Properties of \(R\)-operations.

\[ \begin{aligned} 1^\circ.\;& -(-a)=a.\\ 2^\circ.\;& a\wedge_1 b=b\wedge_1 a.\\ 3^\circ.\;& a\vee_1 b=b\vee_1 a.\\ 4^\circ.\;& a\wedge_1 b=0 \sim [S(a)\wedge b=0]\vee [S(b)\wedge a=0].\\ 5^\circ.\;& a\vee_1 b=0 \sim (a=0\wedge b=0)\vee [\overline{S(a)}\wedge b=0]\vee [\overline{S(b)}\wedge a=0].\\ 6^\circ.\;& -(a\wedge_1 b)=-a\vee_1 -b.\\ 7^\circ.\;& -(a\vee_1 b)=-a\wedge_1 -b.\\ 8^\circ.\;& S(a\wedge_1 b)\sim S(a)\wedge S(b).\\ 9^\circ.\;& S(a\vee_1 b)\sim S(a)\vee S(b).\\ 10^\circ.\;& S[-(a\wedge_1 b)]\sim \overline{S(a)}\vee \overline{S(b)}.\\ 11^\circ.\;& S[-(a\vee_1 b)]\sim \overline{S(a)}\wedge \overline{S(b)}.\\ 12^\circ.\;& S[(a\wedge_1 b)\wedge_1 c]\sim S[a\wedge_1(b\wedge_1 c)]\sim S[b\wedge_1(a\wedge_1 c)].\\ 13^\circ.\;& S[(a\vee_1 b)\vee_1 c]\sim S[a\vee_1(b\vee_1 c)]\sim S[b\vee_1(a\vee_1 c)].\\ 14^\circ.\;& S[a\vee_1(b\vee_1 c)]\sim S(a\vee_1 b)\vee S(a\wedge_1 b).\\ 15^\circ.\;& S[a\vee_1(b\wedge_1 c)]\sim S(a\vee_1 b)\wedge S(a\vee_1 b). \end{aligned} \]

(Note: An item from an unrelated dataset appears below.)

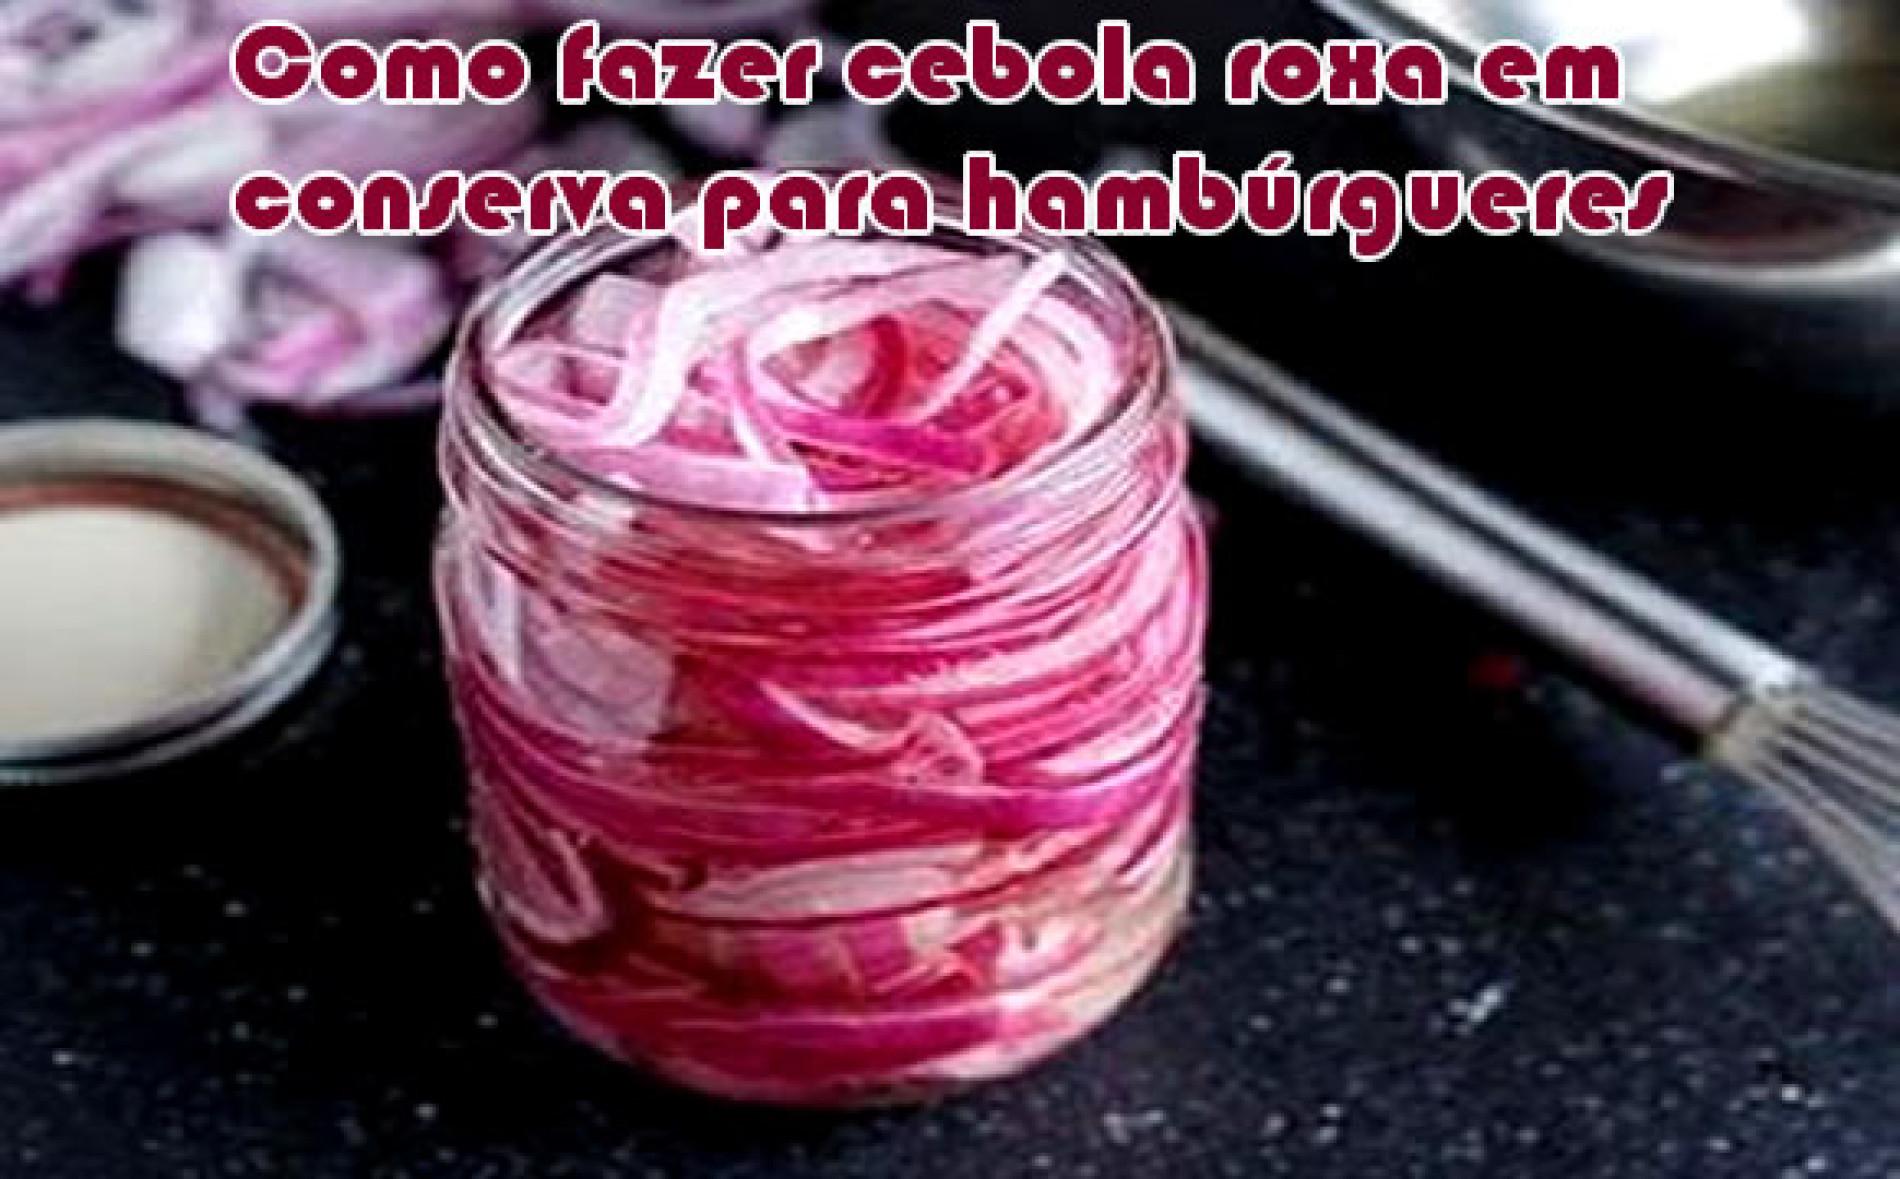 Cebola roxa em conserva para hambúrgueres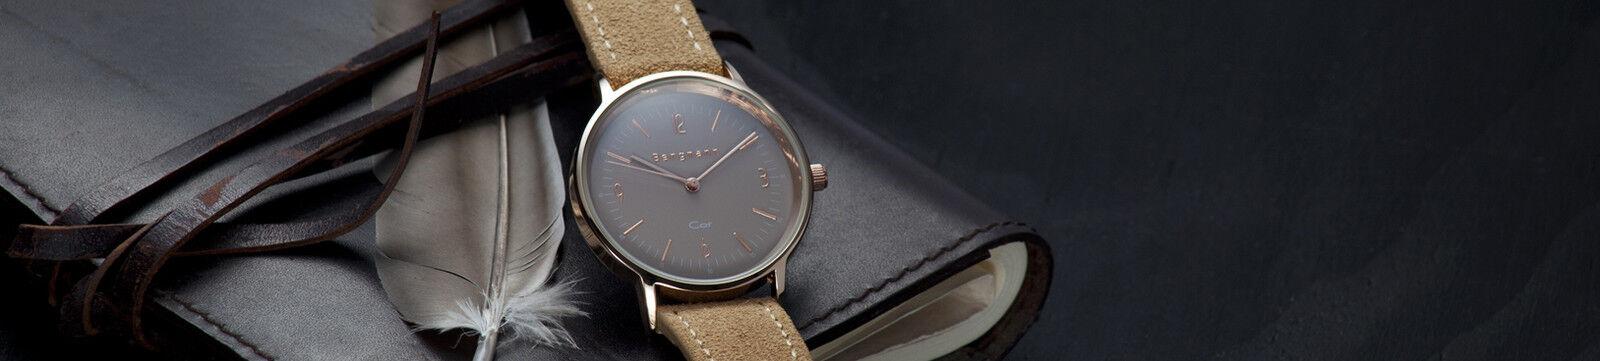 Bergmann-Uhren

Here \(\wedge,\ \vee,\ \overline{\phantom{S}}\) are the notations for the usual operations of conjunction, disjunction, and negation.

Theorem 1. If \((Q_1)\) and \((Q_2)\) are domains in \(n\)-dimensional space, defined respectively by the inequalities
\[ \begin{aligned} f_1(x_1,x_2,\ldots,x_n)&\geqslant 0,\\ f_2(x_1,x_2,\ldots,x_n)&\geqslant 0, \end{aligned} \tag{1} \]
then the domain \((Q)\), defined by the inequality
\[ (x_1,x_2,\ldots,x_n)=f_1\wedge_1 f_2\geqslant 0, \]
is the intersection (common part) of the domains \((Q_1)\) and \((Q_2)\).

It follows from property 8°.

Theorem 2. If \((Q_1)\) and \((Q_2)\) are domains defined by the inequalities (1), then the domain \((Q)\), defined by the inequality

\[ F(x_1,\ldots,x_n)=f_1\vee_1 f_2\geqslant 0, \]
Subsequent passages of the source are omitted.